Hwang, 60, has pleaded not guilty to one count of conspiracy to commit fraud, three counts of fraud and seven counts of market manipulation. Halligan, 47, has pleaded not guilty to one count of conspiracy to commit fraud and two counts of fraud. Halligan was Archegos' chief financial officer.

He now faces a maximum sentence of 20 years in prison for each of the charges he was convicted of, though any sentence will likely be far less and imposed by the judge based on a variety of factors.

when the charges were made Brought in 2022The US Justice Department described the case as an example of its commitment to holding accountable those who distort and defraud US financial markets.

Jurors heard closing arguments on Tuesday.

Diversity

The trial focused on the implosion of Hwang's family office Archegos, which led to $10 billion in losses for global banks and more than $100 billion in losses for shareholders of companies in its portfolio, according to prosecutors. Prosecutors said Hwang's actions damaged U.S. financial markets as well as ordinary investors, causing significant losses to banks, market participants and Archegos employees.

According to prosecutors, Hwang secretly amassed large stakes in a number of companies without owning any stock. Prosecutors said Hwang lied to banks about the size of Archegos’s derivatives positions in order to borrow billions of dollars, which he and his associates used to artificially inflate the underlying stocks.

Prosecutors accused Halligan of lying to the banks and enabling the criminal scheme.

During closing arguments, Assistant U.S. Attorney Andrew Thomas told jurors, “By 2021, the defendants’ lies and manipulations had ensnared nearly a dozen stocks and half of Wall Street in a $100 billion fraud, a fraud that collapsed in a matter of days.”

Hwang’s defense team called the indictment the “most aggressive open market manipulation case” ever brought by U.S. prosecutors.

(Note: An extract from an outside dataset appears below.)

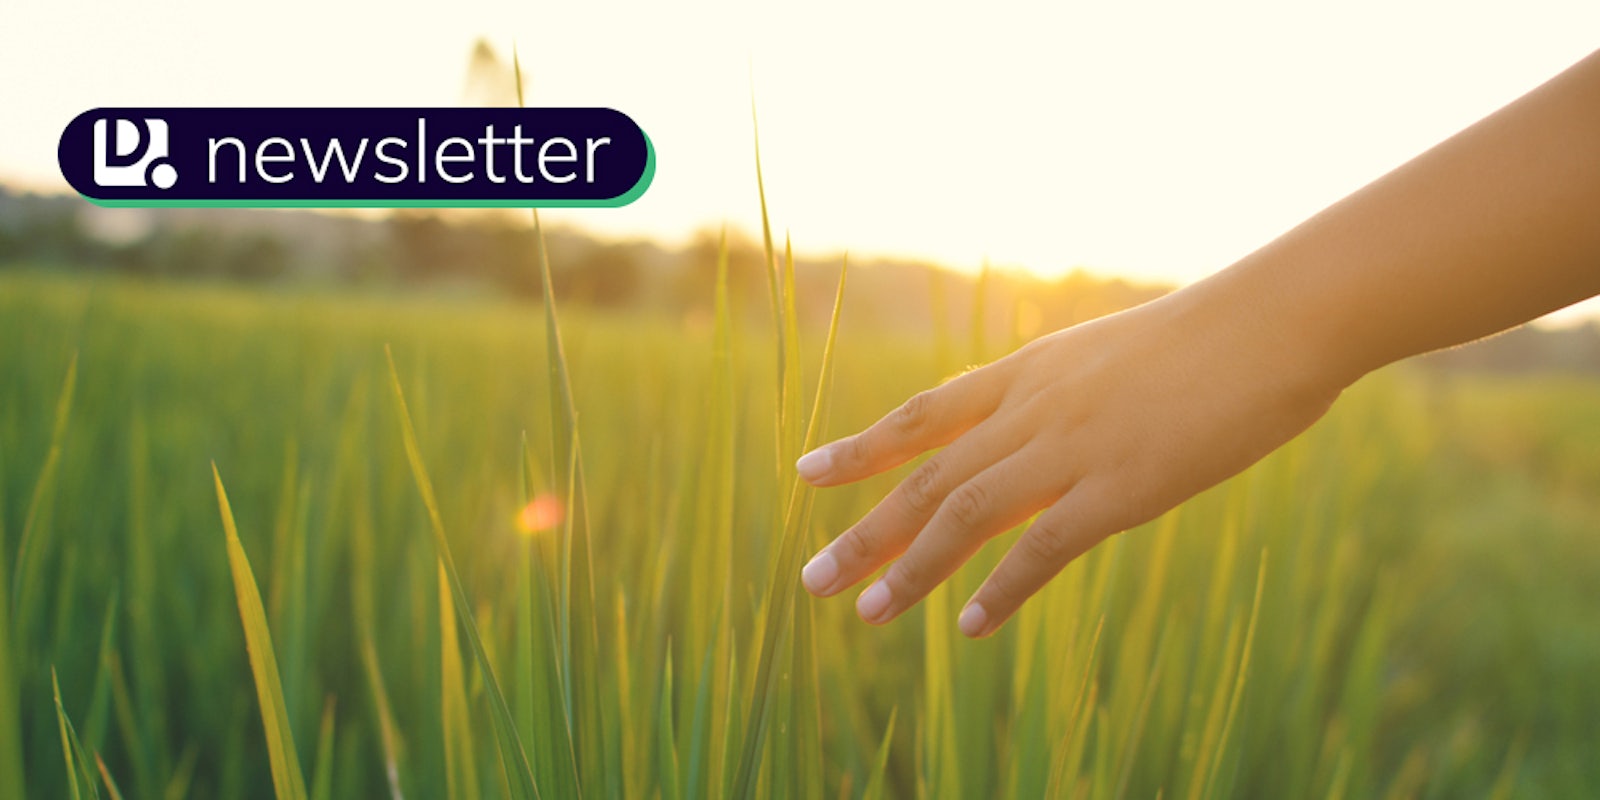 A Young hand touch green grass on a field at sunset. In the top left corner is the Daily Dot newsletter logo.

Hwang’s attorney Barry Burke told jurors in his closing argument that prosecutors had criminalized aggressive but legal trading methods.

Archegos' chief trader William Tomita and chief risk officer Scott Baker testified as prosecution witnesses after pleading guilty to related charges and agreeing to cooperate in the case.

According to the U.S. Attorney’s Office for the Southern District of New York, which filed the case, Hwang’s position far outweighed that of the companies’ biggest investors, sending share prices soaring.At its peak, prosecutors said Archegos had $36 billion in assets and $160 billion in equity investments.

When stock prices fell in March 2021, the banks demanded additional deposits, which Archegos couldn’t provide.The banks then sold the stock backing Hwang’s swaps, wiping out a reported $100 billion in value for shareholders and billions for the banks, including $5.5 billion for Credit Suisse, now part of UBS, and $2.9 billion for Nomura Holdings.